By Luaine Lee
Before there was a Quincy M.E, a CSI, or a Bones, there was a fictional character, who set the standard for all those forensic heroes to follow: Sherlock Holmes.
With his eccentric mumblings, omnipresent magnifying glass and deerstalker hat, it was Holmes who actually led the way to modern crime investigation.
How he did that will be the subject of PBS’ two-hour special, How Sherlock Holmes Changed the World, airing December 17.
Before Sir Arthur Conan Doyle’s intrepid creation, crime solving was mostly interrogation. There was no such thing as protecting the crime scene, gathering discrete evidence, examining blood spatter or dusting for fingerprints.
When he began working for the police in Taiwan in the 1960s they still utilised interrogation as the major method of solving crimes, says Dr Henry Lee, one of the forensic experts on the show.
“At that time when we solved cases, basically (we relied) on interrogation. Just run up all the suspects until one confesses. If nobody confesses, we usually take them to the back room. Five minutes later, we got someone confessing.”
Lee is known for his work in forensic serology — the identification of blood, hair, semen and tissue types. He’s also an expert in fingerprint matching, ballistics, fiber and paint sample investigation and blood splatter reconstructions.

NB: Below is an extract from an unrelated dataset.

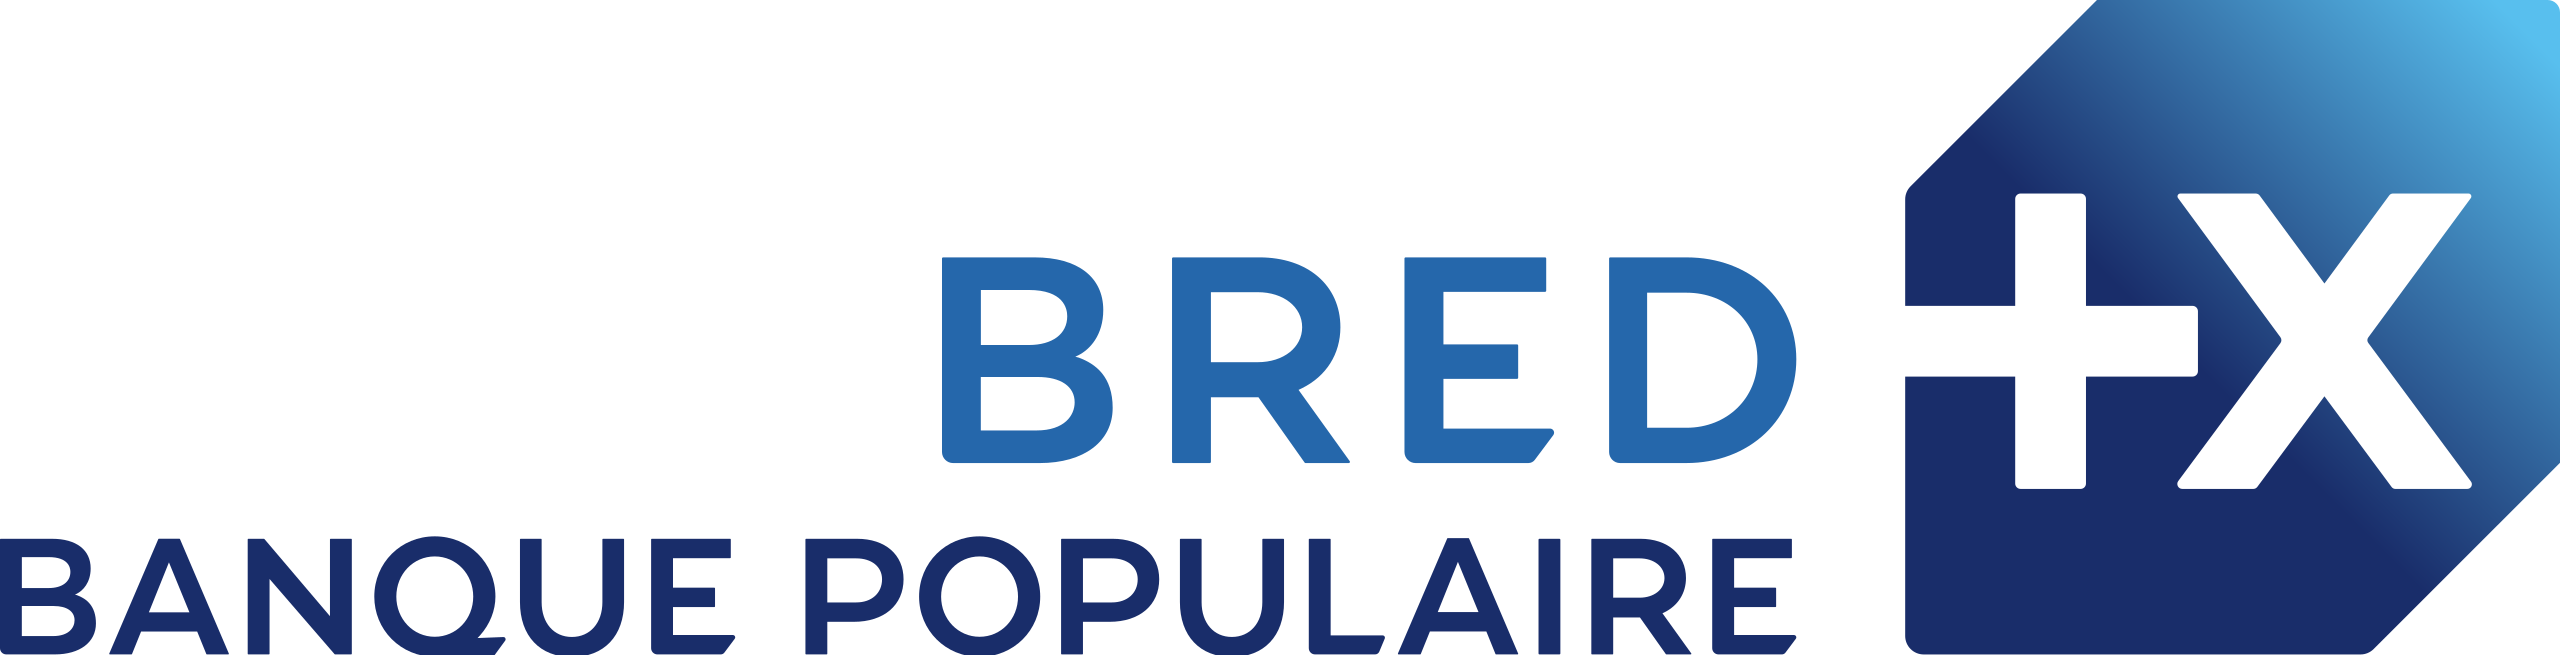 bred logo

The process is slow and meticulous, as he painstakingly reconstructs the crime, pores over the evidence and cautiously ventures hypotheses about how things might have happened, just the way Holmes did.

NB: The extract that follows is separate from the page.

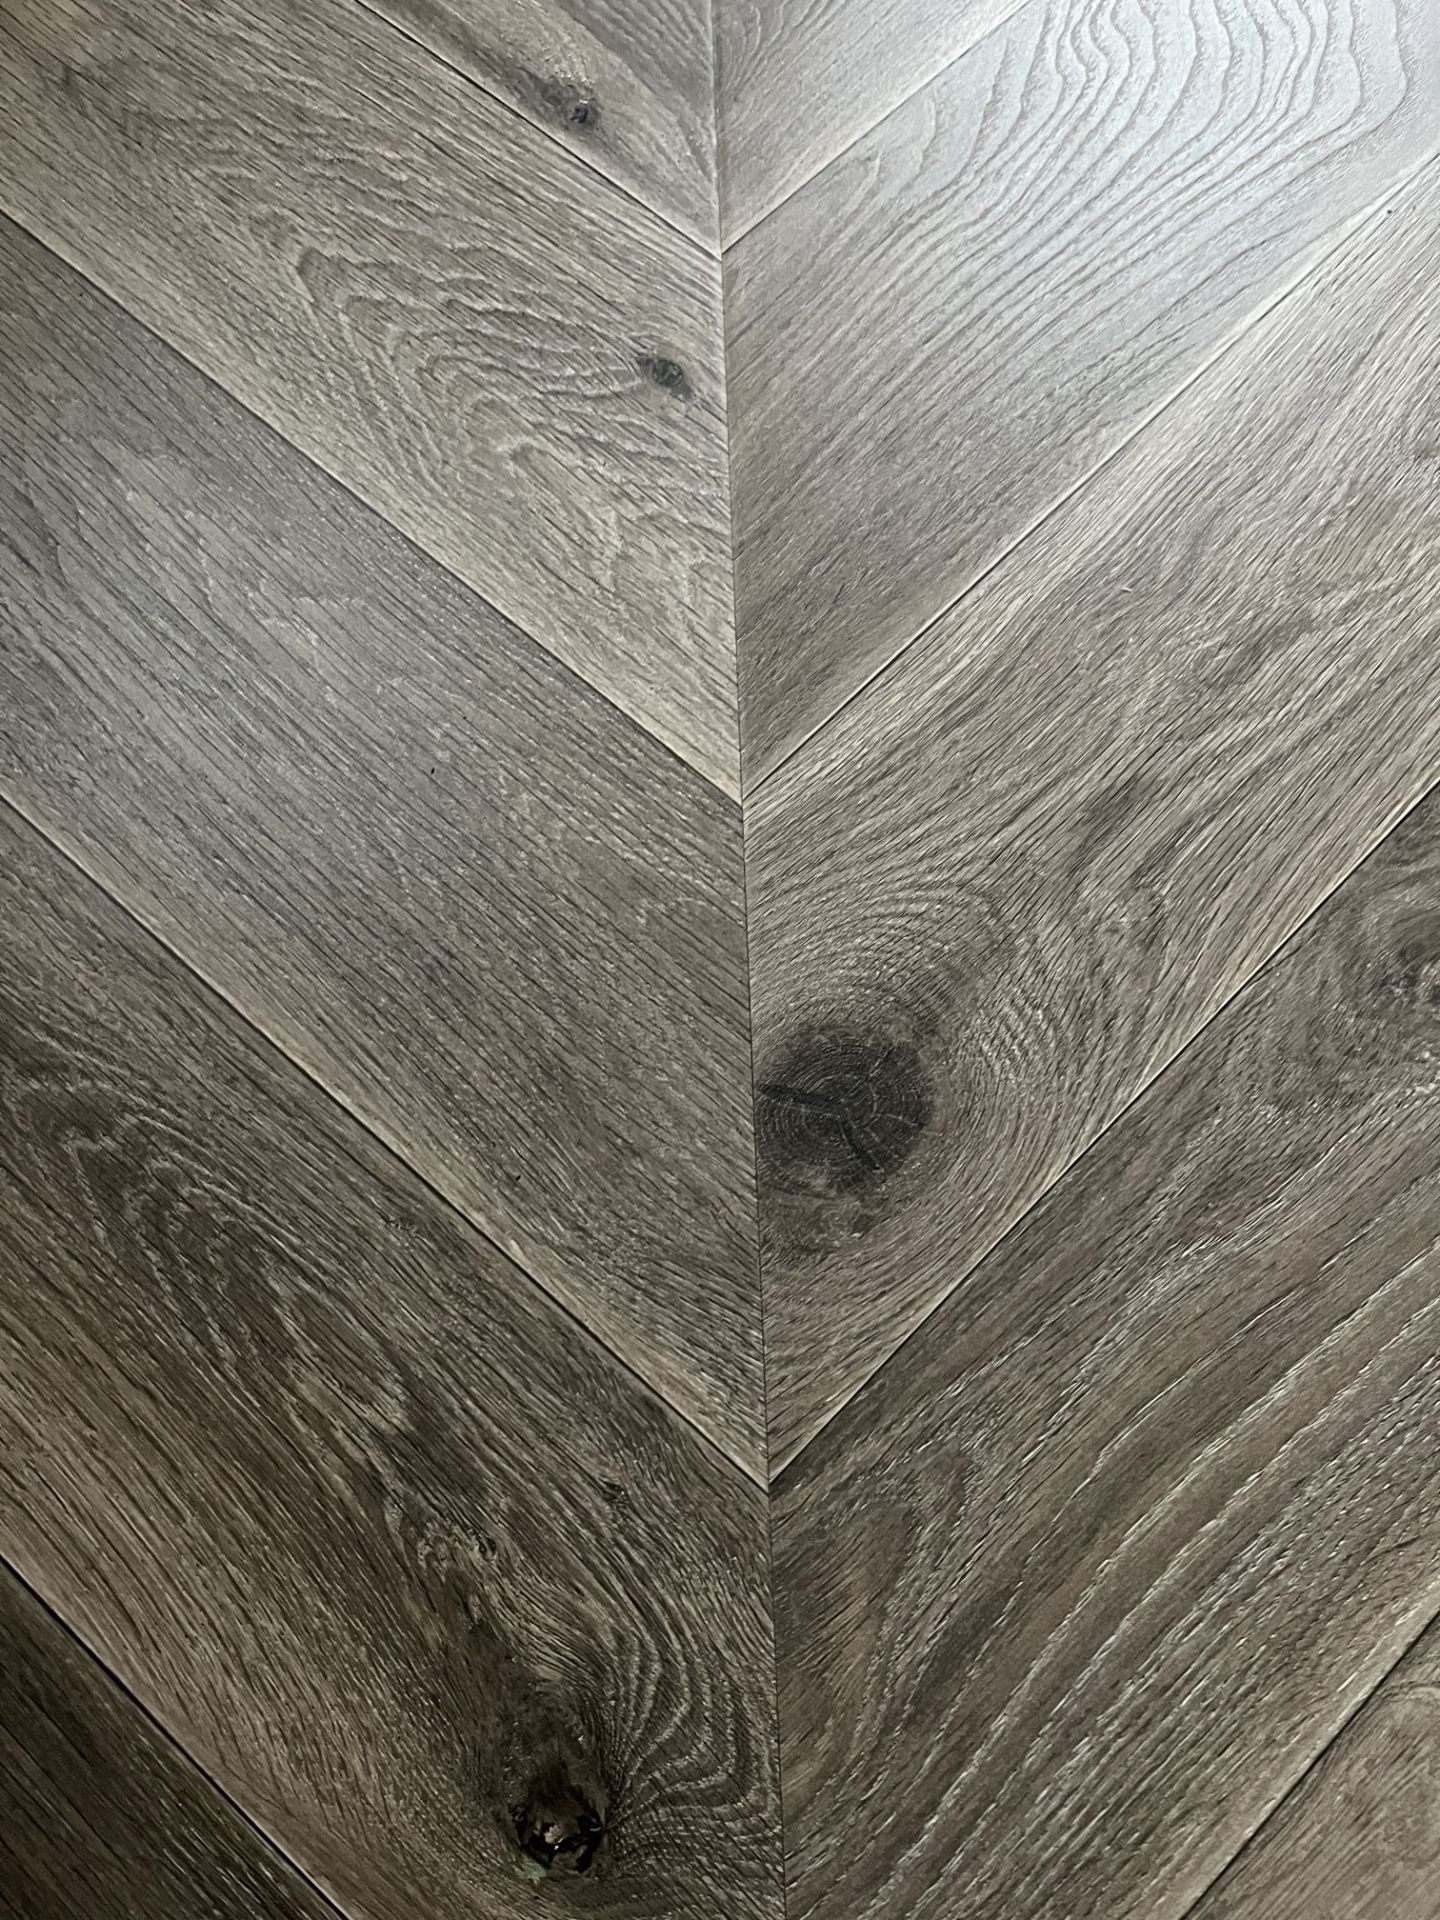 HERRINGBONE PRINT DESIGN CHEVRON Colonial Grey Oak Laminate Flooring - Image 2 of 3

When Conan Doyle created his literary lion in 1887 it was just before the Jack the Ripper murders occurred in Victorian London. Six murders were committed in less than 90 days, and the police were stymied. The crime scenes had been contaminated and evidence collection was not part of police procedure. The crimes were never solved.
Conan Doyle’s first Sherlock adventure, A Study in Scarlet, featured Holmes applying methods that would be used 120 years later: he protected the crime scene, searched for trace evidence, smelled the surroundings, measured everything and devised deductions.
British actor Benedict Cumberbatch is essaying the character of Holmes on PBS’ Masterpiece series, which returns for a new season on January 19.
He finds the role both inspiring and exhausting. “It is a rare challenge, for an audience and for an actor, to take part in something with this level of intelligence and wit,” he says. “And you have to play with it. You have to really enjoy it.
“It takes a lot of effort to play clever. It takes very little effort to look clever, as I found out through my character for some reason. And it’s the sort of challenge that you just have to love, and I really do. I absolutely love every minute of it as hard as it can be.”
Fiction aside, “How Sherlock Holmes Changed the World” examines real crimes like the Sam Sheppard and the Michael Curley case and how they were solved utilising Holmes’ techniques.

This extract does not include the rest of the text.